== PROBLEM DESCRIPTION ==
Once the pictures are removed, reproduce what is left of the data below exactly.

BEGIN DATA

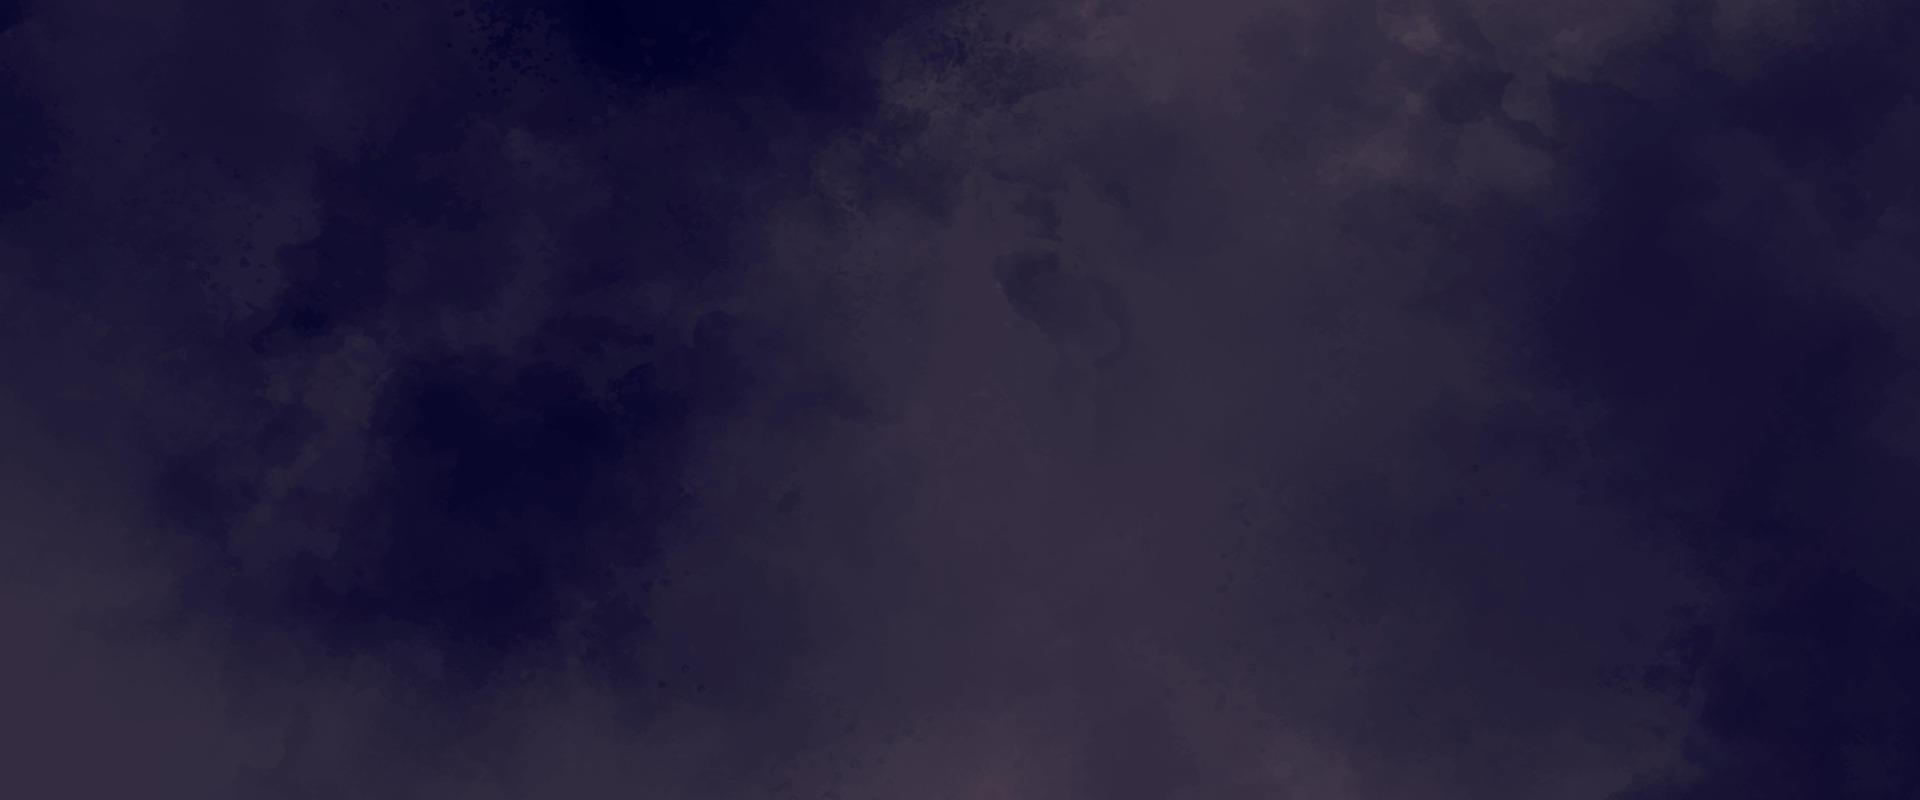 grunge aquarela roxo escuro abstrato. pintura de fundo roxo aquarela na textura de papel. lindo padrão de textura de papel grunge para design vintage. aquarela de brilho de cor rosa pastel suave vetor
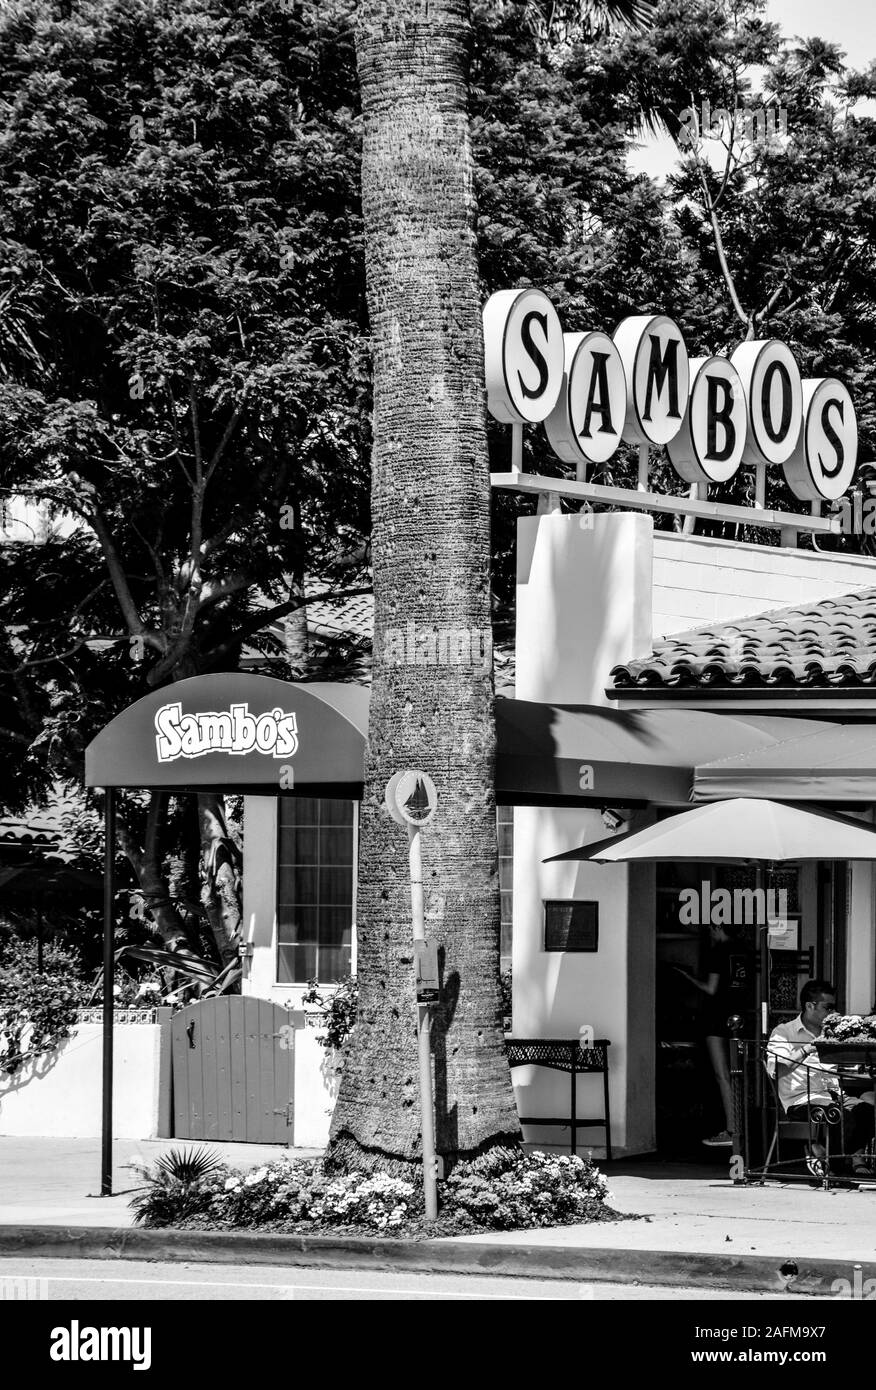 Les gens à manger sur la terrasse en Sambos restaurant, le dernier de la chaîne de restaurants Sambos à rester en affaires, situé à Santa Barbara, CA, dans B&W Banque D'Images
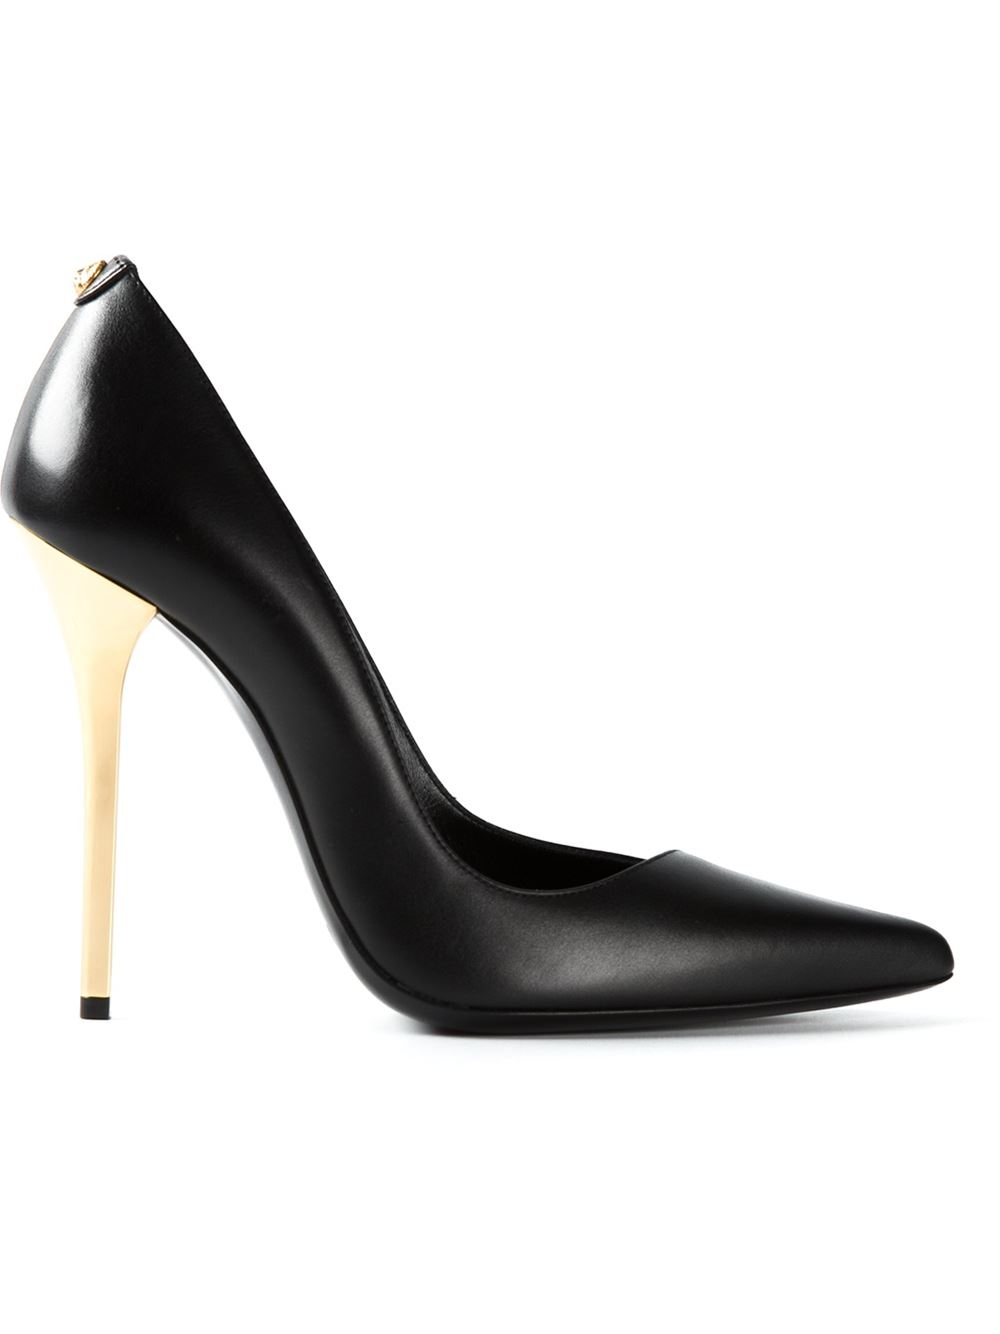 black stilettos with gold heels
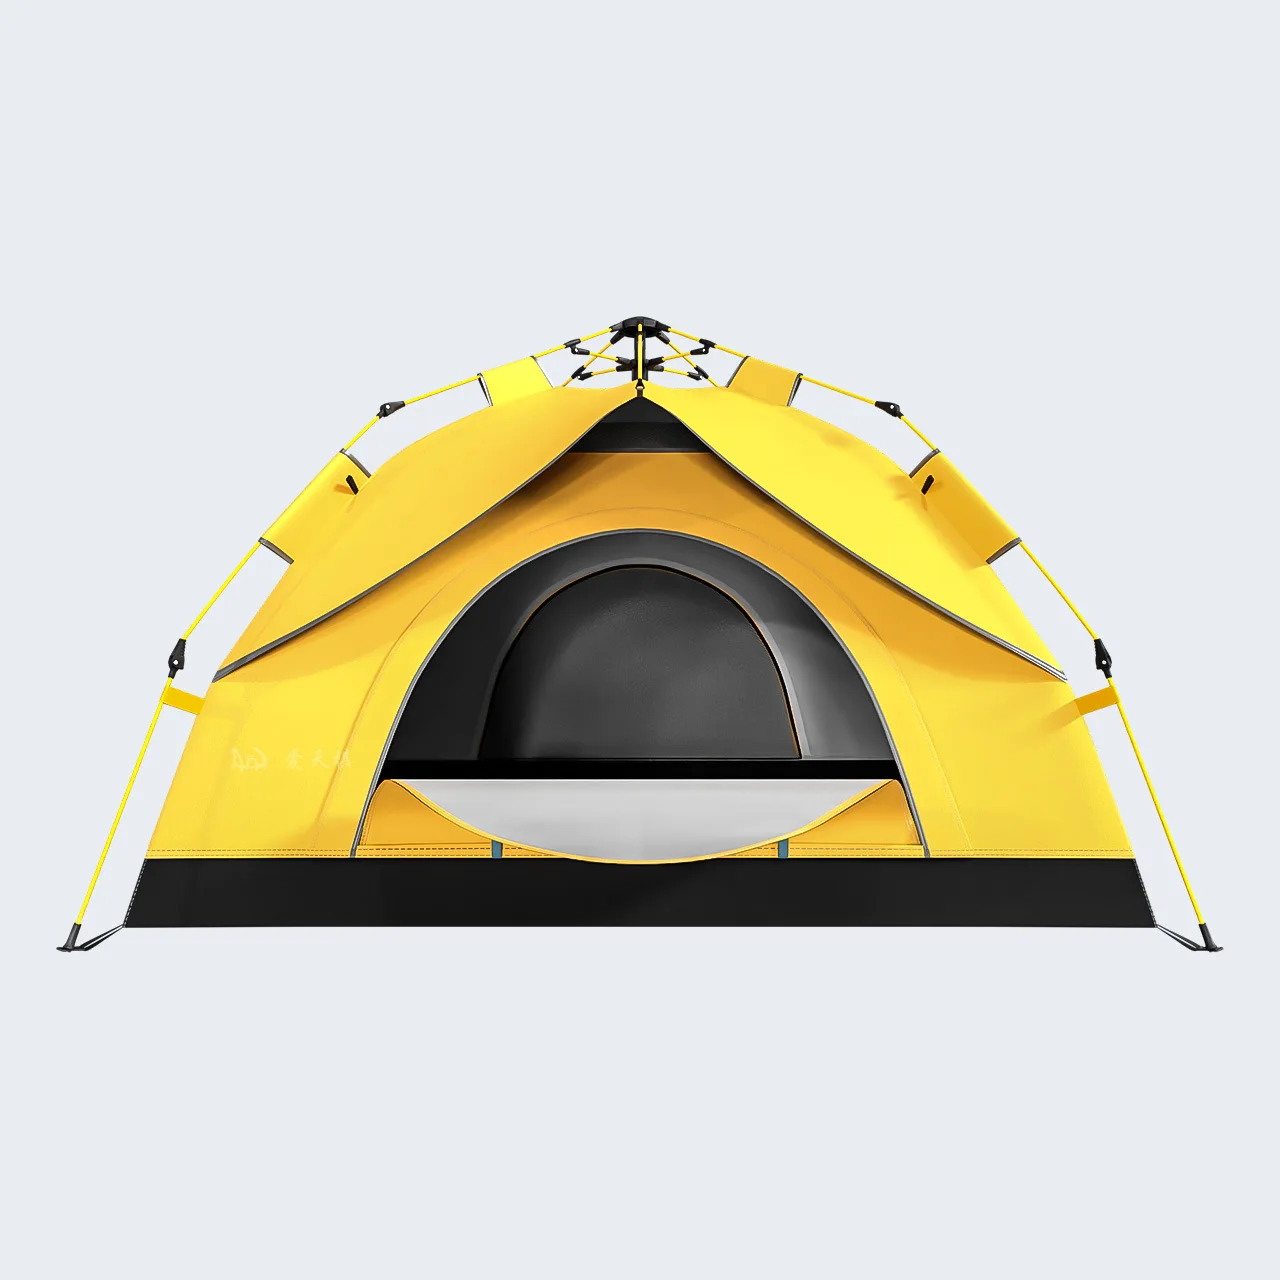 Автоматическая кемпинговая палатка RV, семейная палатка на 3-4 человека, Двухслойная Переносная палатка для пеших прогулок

END DATA

== EXPECTED ANSWER ==
 grunge aquarela roxo escuro abstrato. pintura de fundo roxo aquarela na textura de papel. lindo padrão de textura de papel grunge para design vintage. aquarela de brilho de cor rosa pastel suave vetor
 Les gens à manger sur la terrasse en Sambos restaurant, le dernier de la chaîne de restaurants Sambos à rester en affaires, situé à Santa Barbara, CA, dans B&W Banque D'Images
 black stilettos with gold heels
 Автоматическая кемпинговая палатка RV, семейная палатка на 3-4 человека, Двухслойная Переносная палатка для пеших прогулок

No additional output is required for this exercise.